**Assigned task**
Print all of the data exactly, but drop the pictures.
====== Data excerpt
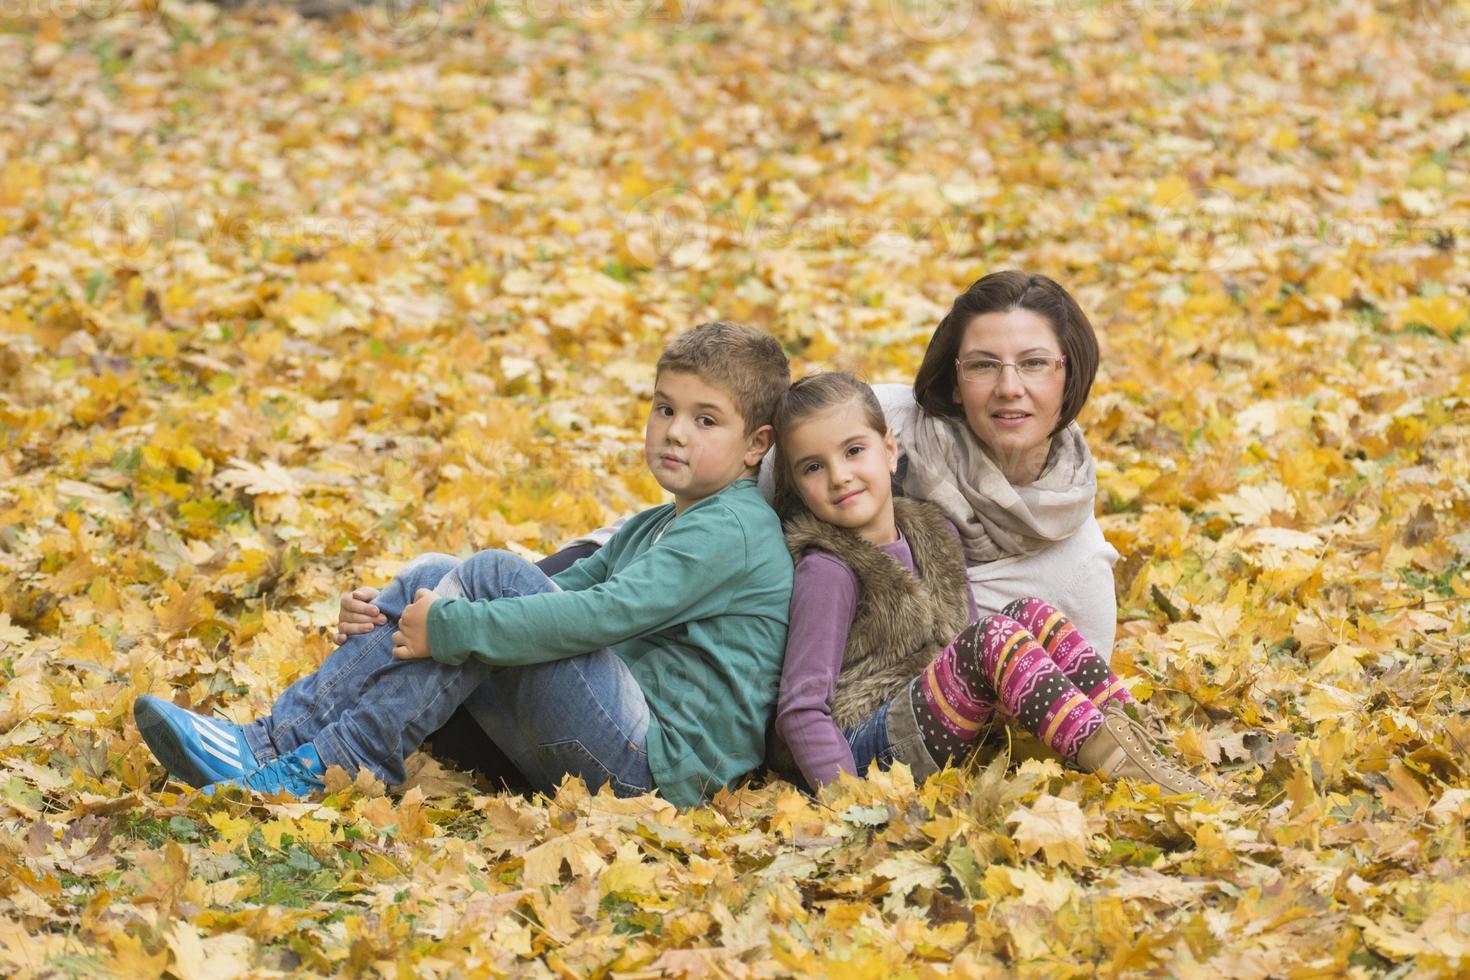 mor och barn njuter av hösten i parken foto
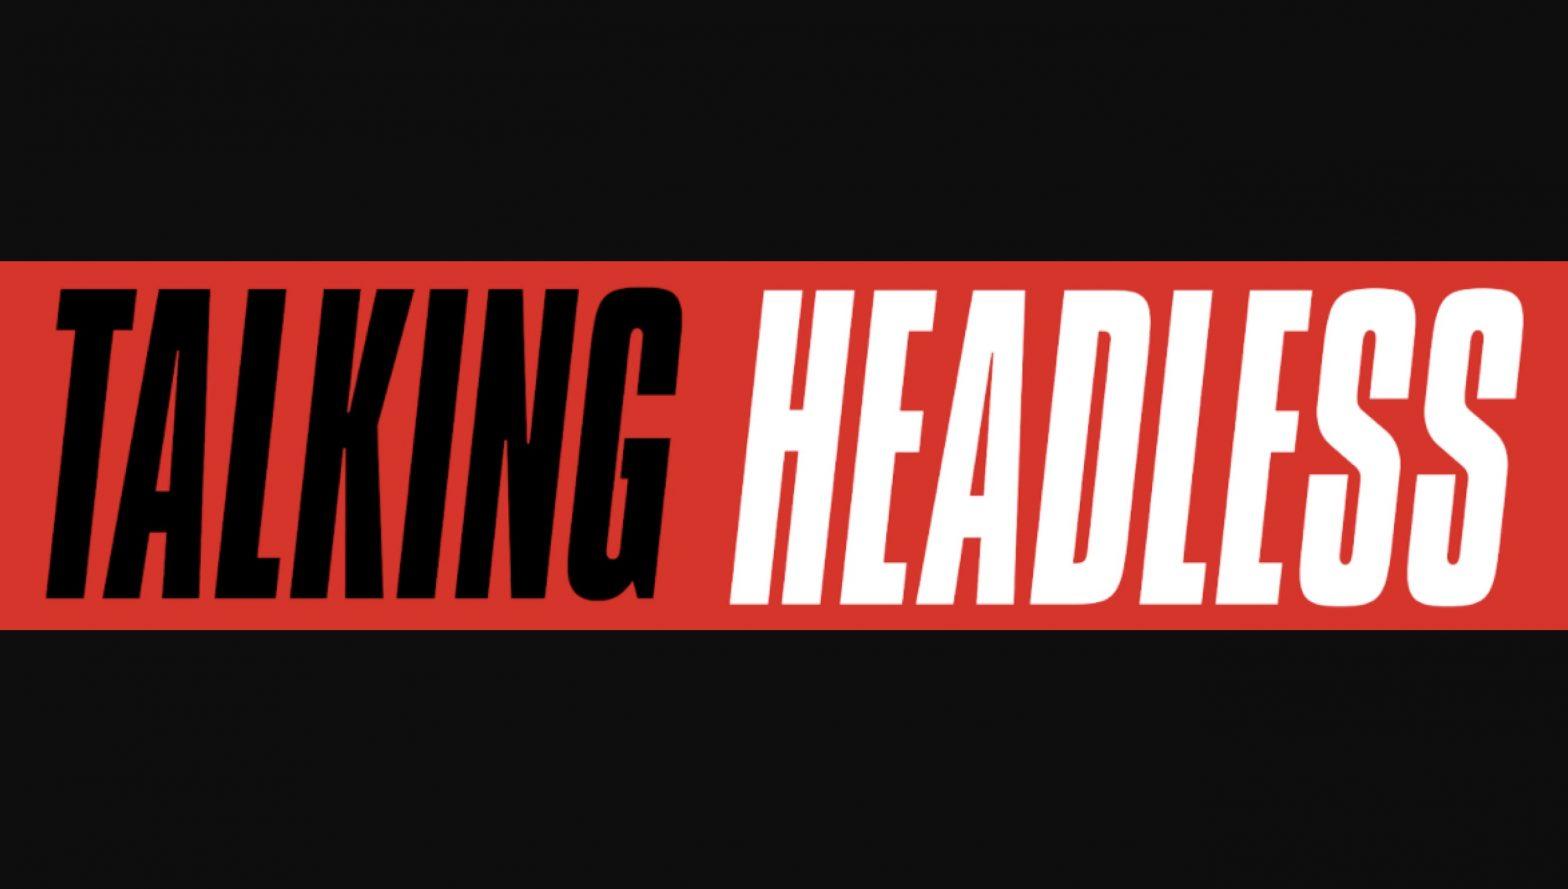 Talking Headless
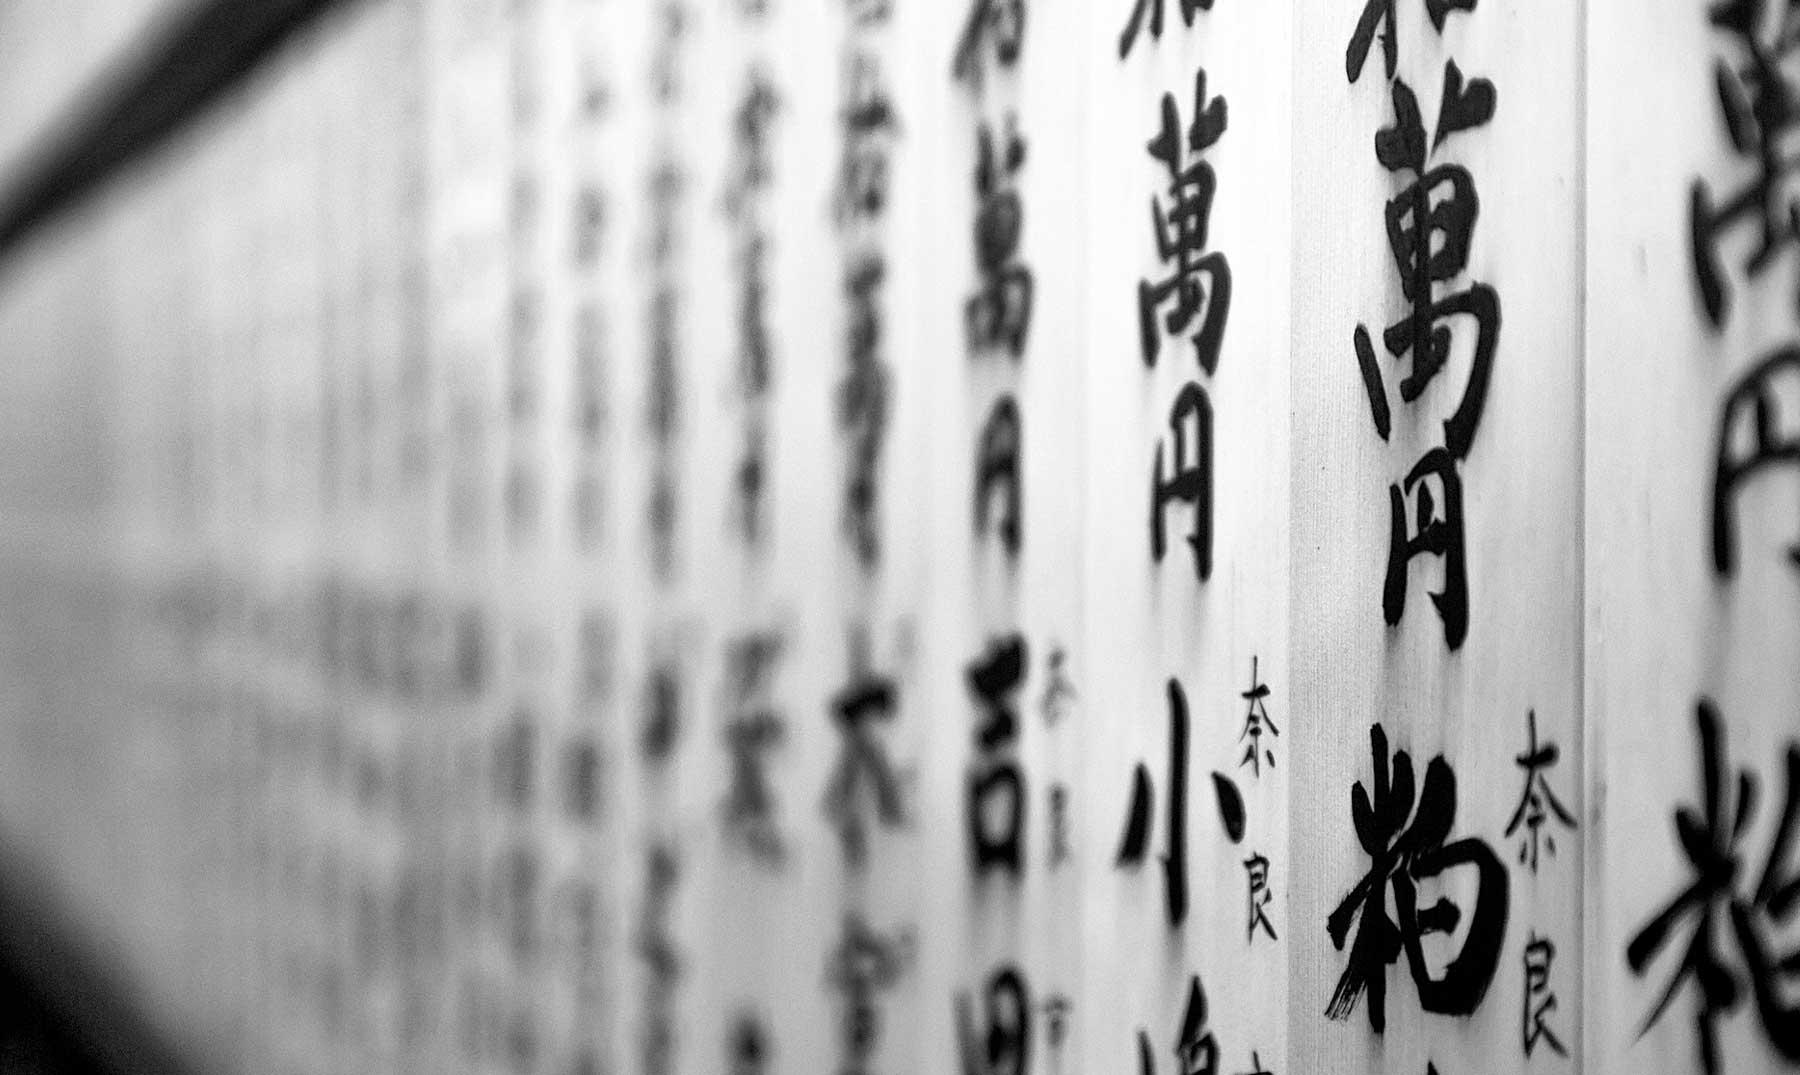 aplicaciones para aprender japonés
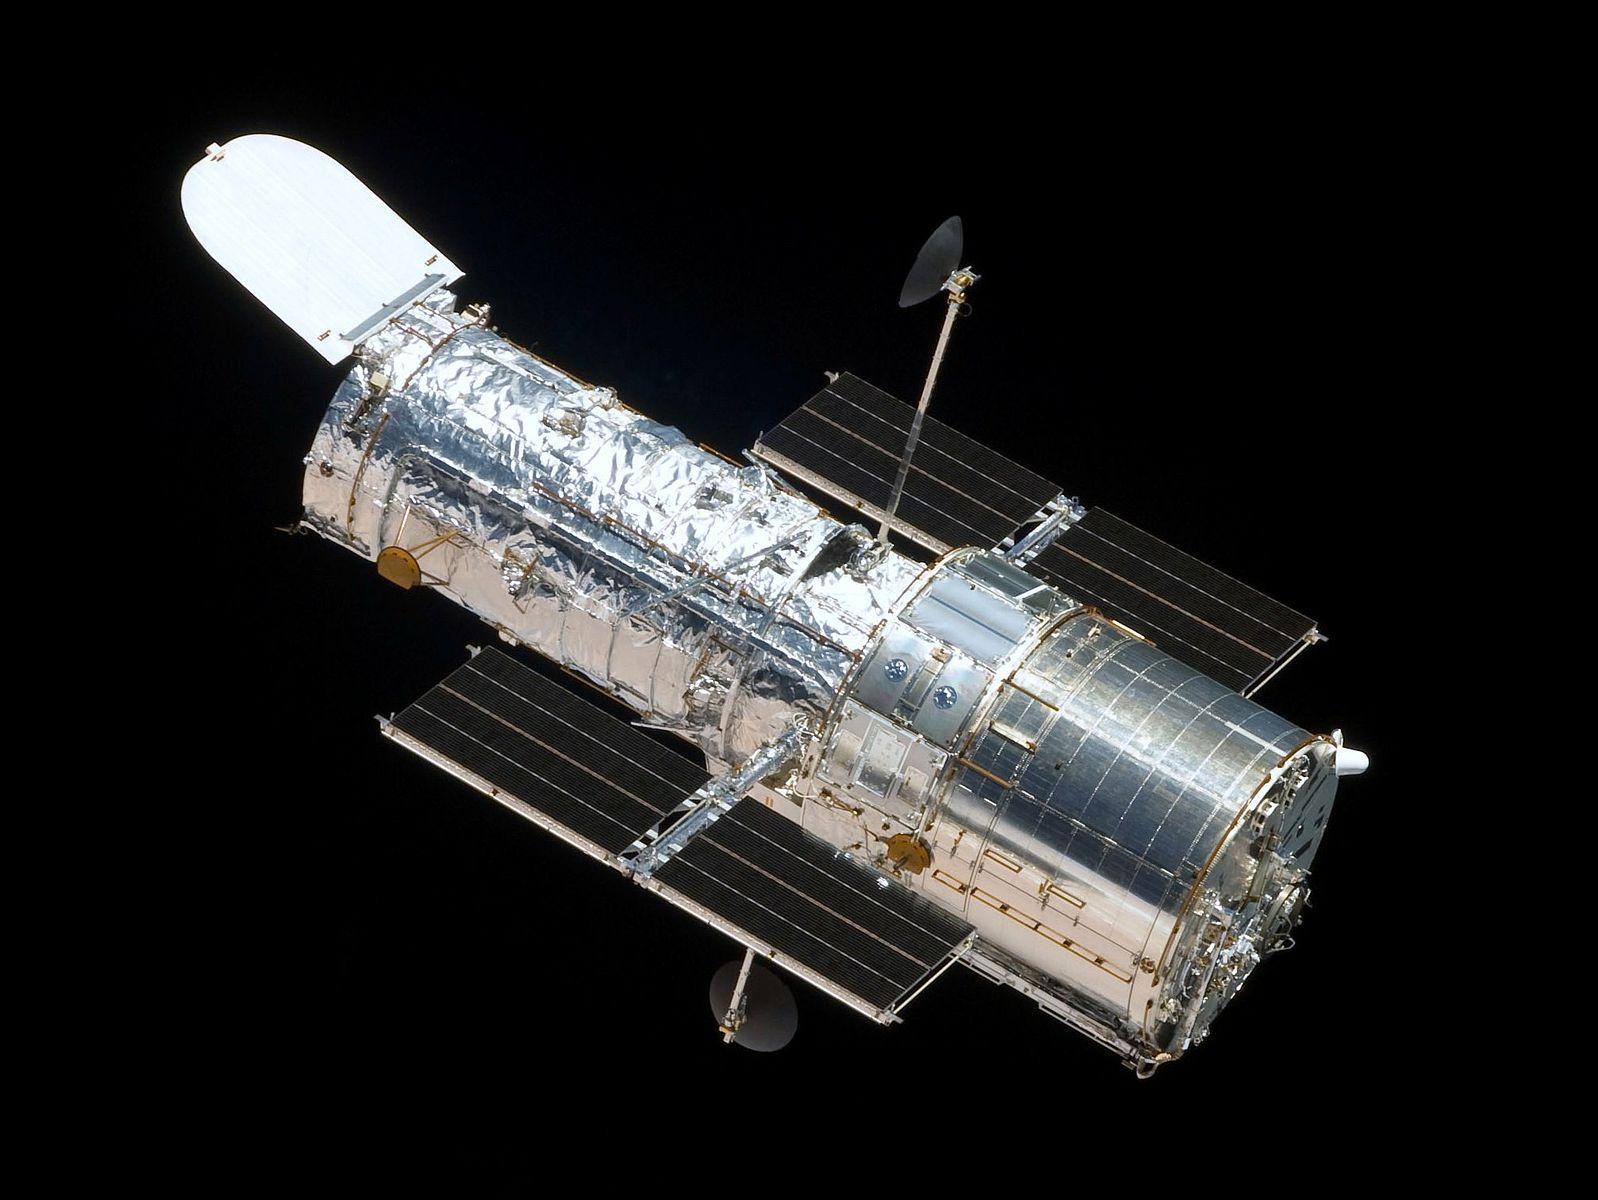 The Hubble telescope (photo courtesy of NASA)
============
**Solution to this problem**
 mor och barn njuter av hösten i parken foto
 Talking Headless
 aplicaciones para aprender japonés
 The Hubble telescope (photo courtesy of NASA)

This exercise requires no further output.